Geschichte erleben mit Konrad Adenauer

v.l.: Dr. Stefan Vesper (Vorstandsvors. Stiftung Bundeskanzler Adenauerhaus), Dr. Konrad Adenauer (Stiftung Bundeskanzler Adenauerhaus), die Preisträger Raphael Piontek, Franka Borgmann und Paul Martin Hoffmann, Ingeborg Mende (Präsidentin LC Rhein-Wied), Günter Sandvoß (LC Rhein-Wied), Dr. Sabine Schößler (Geschäftsführerin der Stiftung Bundeskanzler Adenauerhaus) sowie Bärbel Schülzchen (2. Vizepräsidentin LC Rhein-Wied).  Foto: privat

Bad Honnef.

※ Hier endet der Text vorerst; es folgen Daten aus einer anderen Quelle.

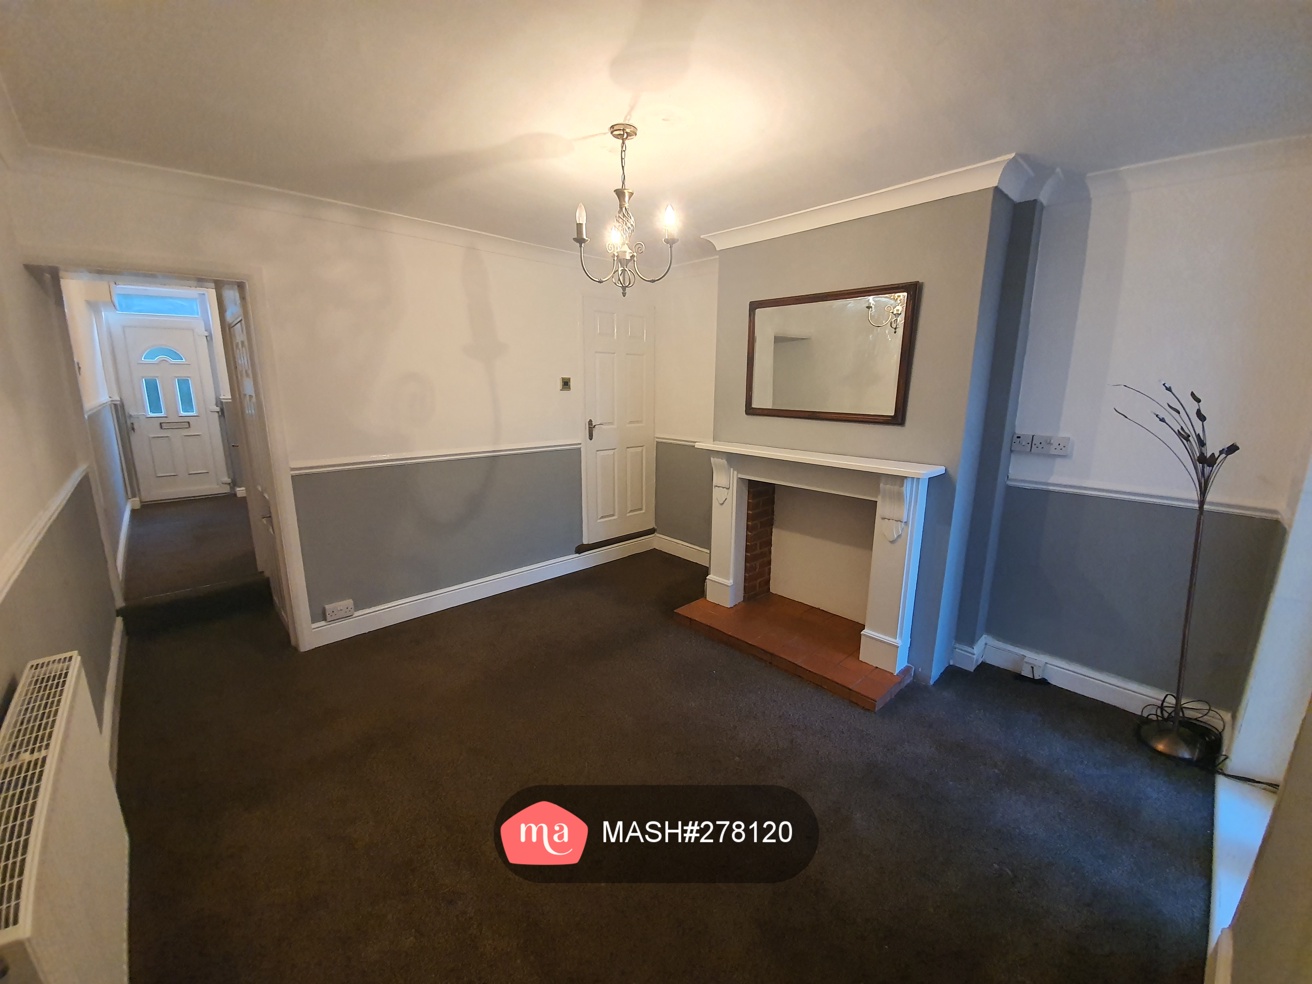 3 Bedroom Terraced to rent in Mansfield - Mashroom

Im feierlichen Rahmen wurde im Rhöndorfer Adenauerhaus bereits zum zwölften Mal der vom LC Rhein-Wied gestiftete Konrad-Adenauer-Schülerpreis verliehen. Die Stiftung Bundeskanzler-Adenauer hatte den Preis ausgeschrieben und damit Schülerinnen und Schüler angeregt, sich im Rahmen von Facharbeiten mit dem Leben, Wirken und Vermächtnis des ersten Kanzlers zu beschäftigen. Das wissenschaftliche Arbeiten und auch das Erleben von Geschichte anhand einer Person solle mit diesem Preis gefördert werden, so die neue Geschäftsführerin der Stiftung, Dr. Sabine Schößler.

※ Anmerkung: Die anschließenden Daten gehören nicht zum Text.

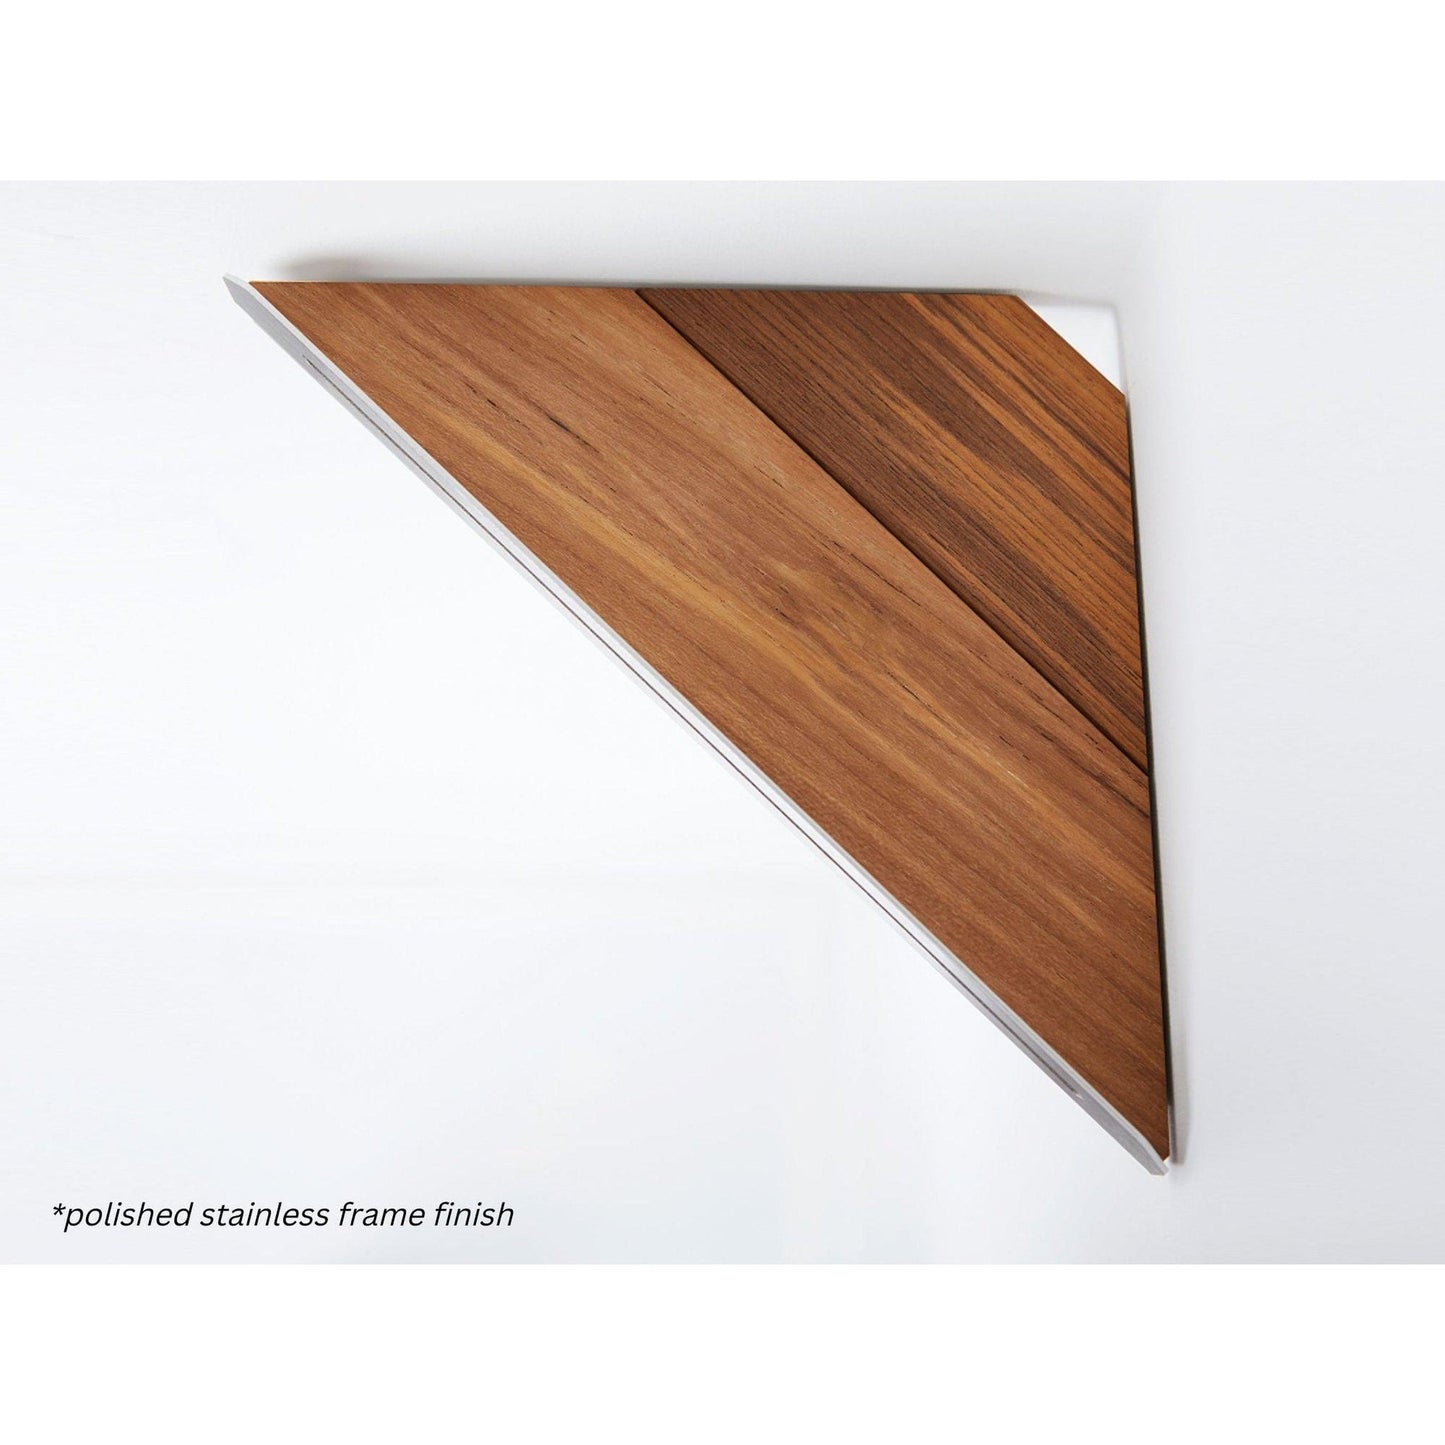 Seachrome Coronado 700 Series 14" x 8" Corner Shower Shelf With Natural Teak Wood Insert and White Powder Coated Stainless Steel Frame

Zusammen mit dem Kanzlerenkel, dem Notar Konrad Adenauer aus Köln, konnte die Präsidentin des Lions Clubs Rhein-Wied, Ingeborg Mende, die Geldpreise in Höhe von 250, 150 und 100 Euro überreichen. Den ersten Preis erhielt Raphael Piontek vom Beethoven-Gymnasium in Bonn für seine Arbeit mit dem Titel „Konrad Adenauer und Charles de Gaulle – von der ersten Begegnung 1958 bis zum deutsch-französischen Freundschaftsvertrag 1963“. Der zweitplatzierte Paul Martin Hoffmann vom Carl-von-Ossietzky-Gymnasium beschäftigte sich mit dem Thema „Konrad Adenauer – ein Verfolgter des Naziregimes?“. Den dritten Platz belegte Franka Borgmann mit ihrer Arbeit zur Fragestellung „War Adenauers und de Gaulles Freundschaft die Grundlage für eine gelungene Westintegration?“.

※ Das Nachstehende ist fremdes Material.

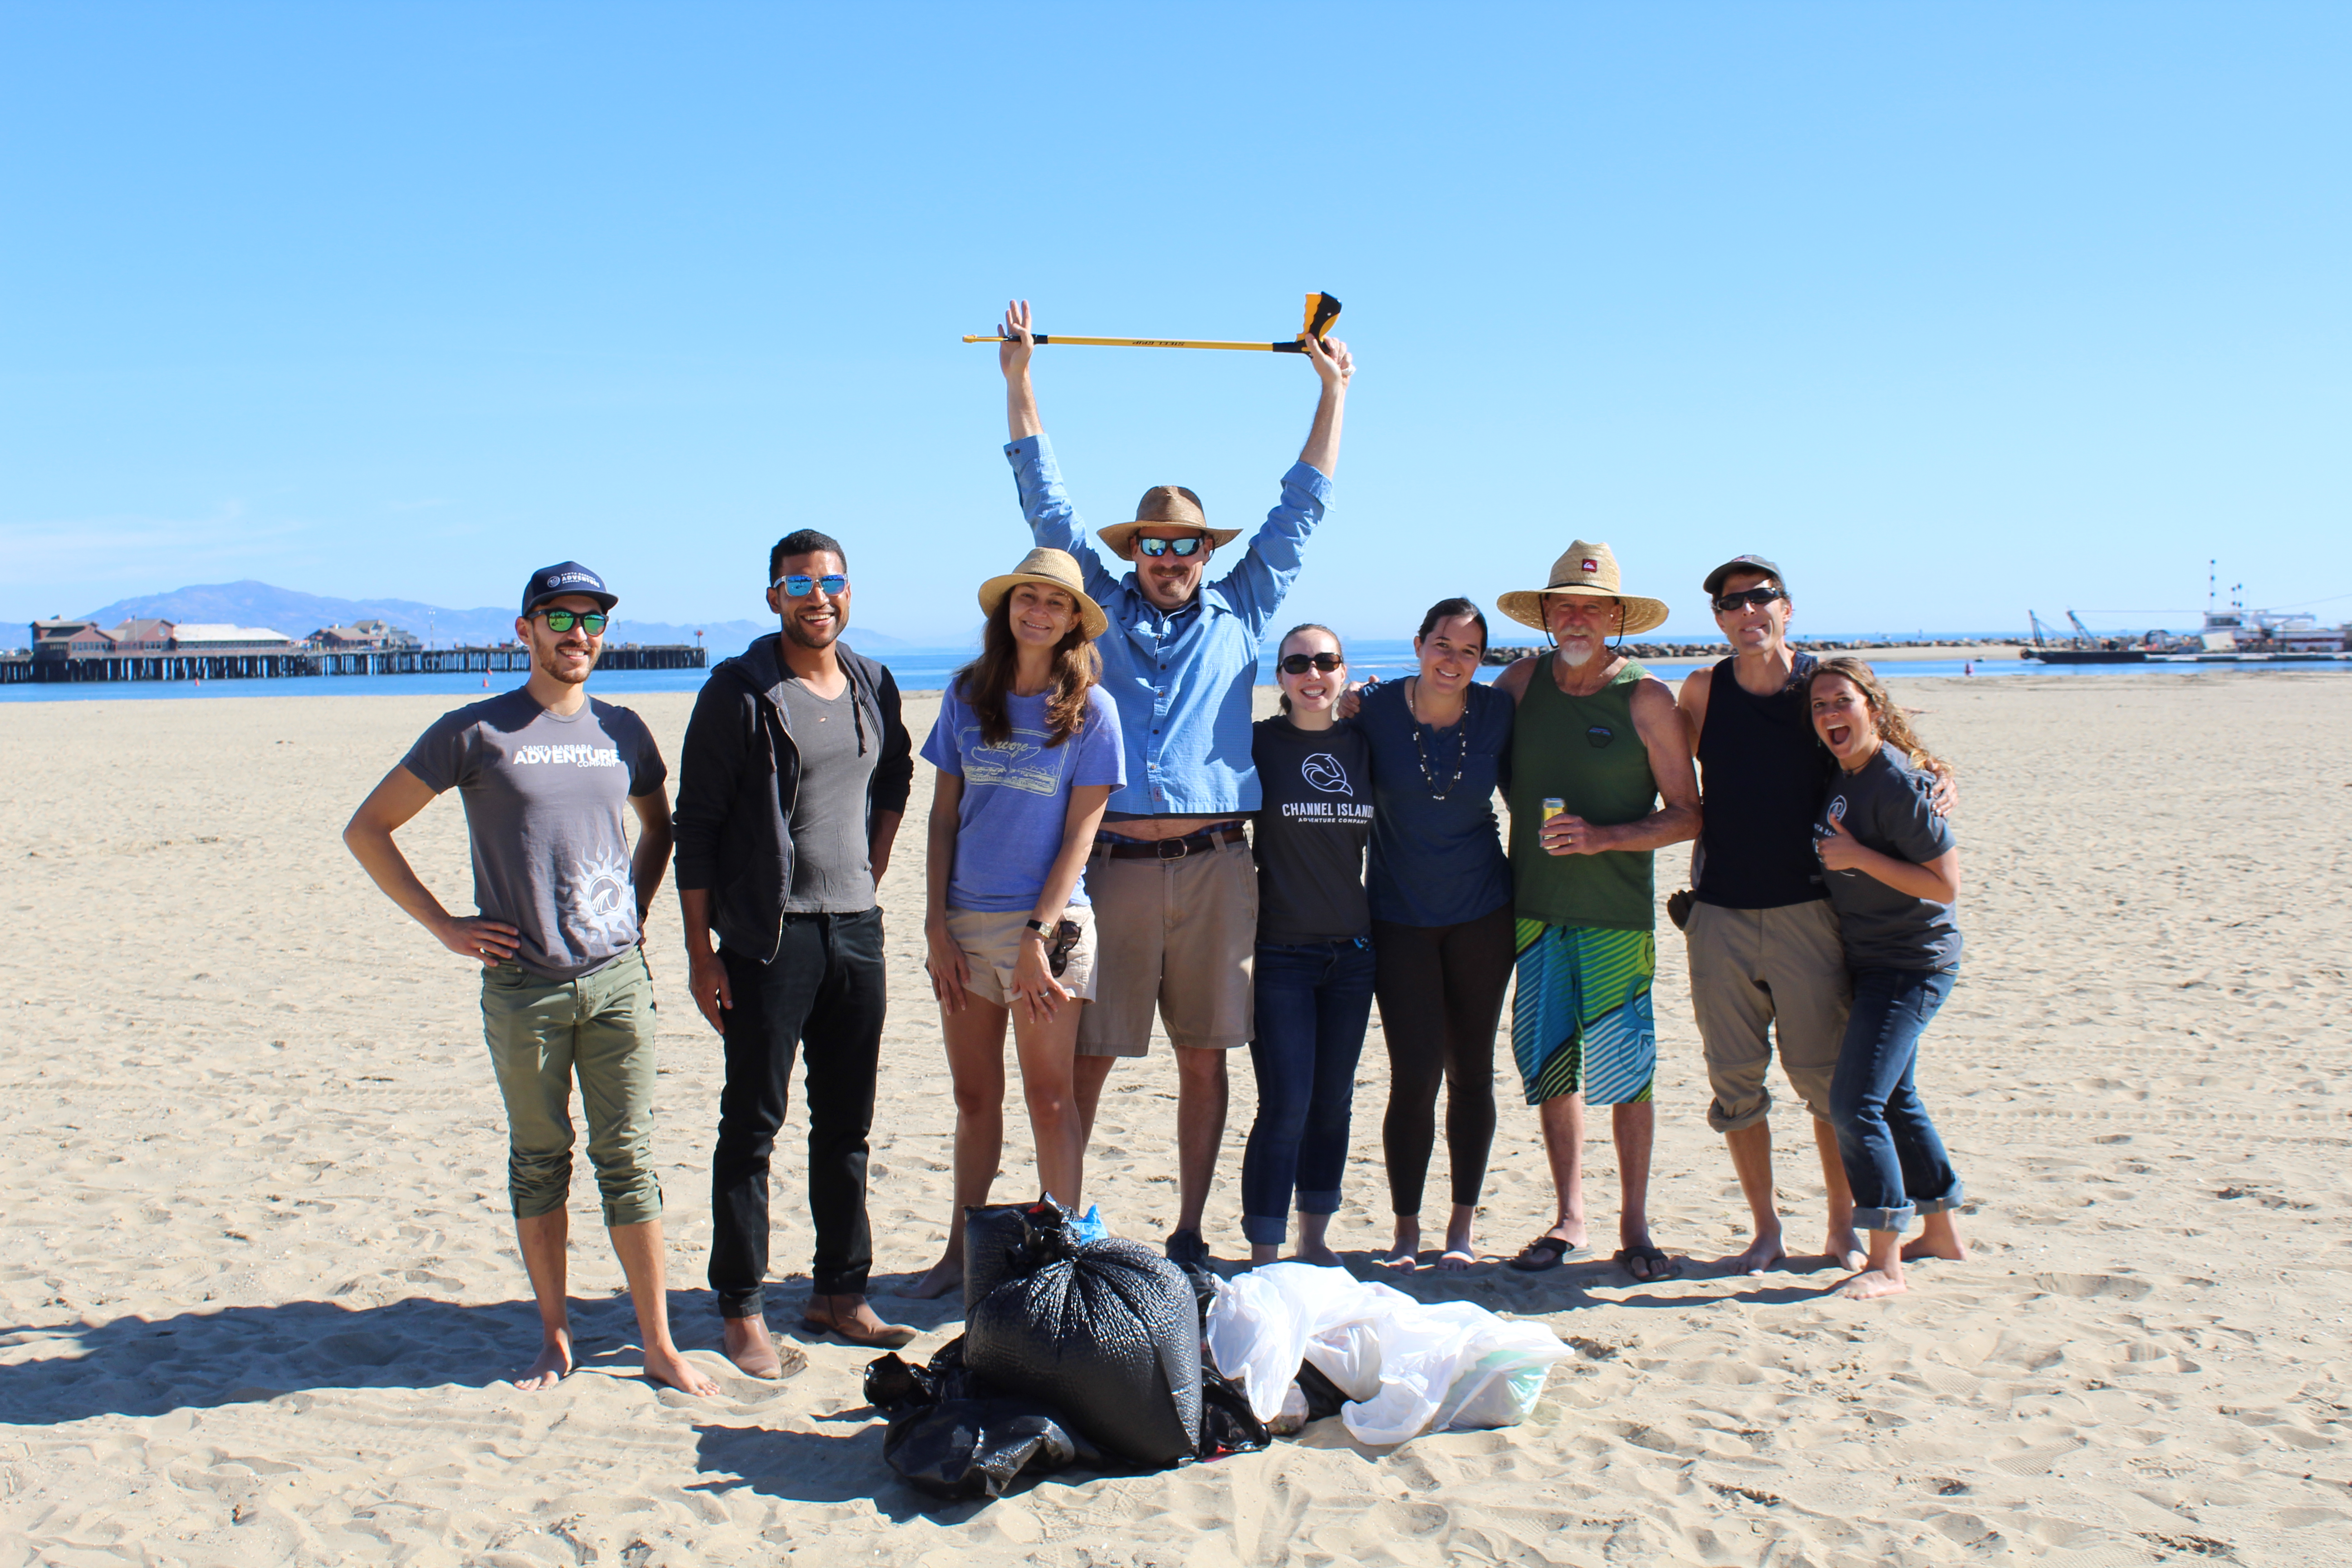 Santa Barbara Beach clean-up with the Surfrider Foundation

Alle Arbeiten entsprachen den vorgegebenen Kriterien hinsichtlich Fragestellung, Qualität der Recherche, sprachlicher Darstellung sowie des Formats und es sei eine Freude gewesen, diese Arbeiten zu lesen, so Claudia Waibel von der Stiftung Bundeskanzler-Adenauer-Haus. Die Präsidentin des LC Rhein-Wied, Ingeborg Mende, betonte, dass der Club auch in den nächsten Jahren diesen Preis weiter stiften werde, denn es sei dem Club ein besonderes Anliegen, auch junge und engagierte Menschen zu fördern und zu unterstützen.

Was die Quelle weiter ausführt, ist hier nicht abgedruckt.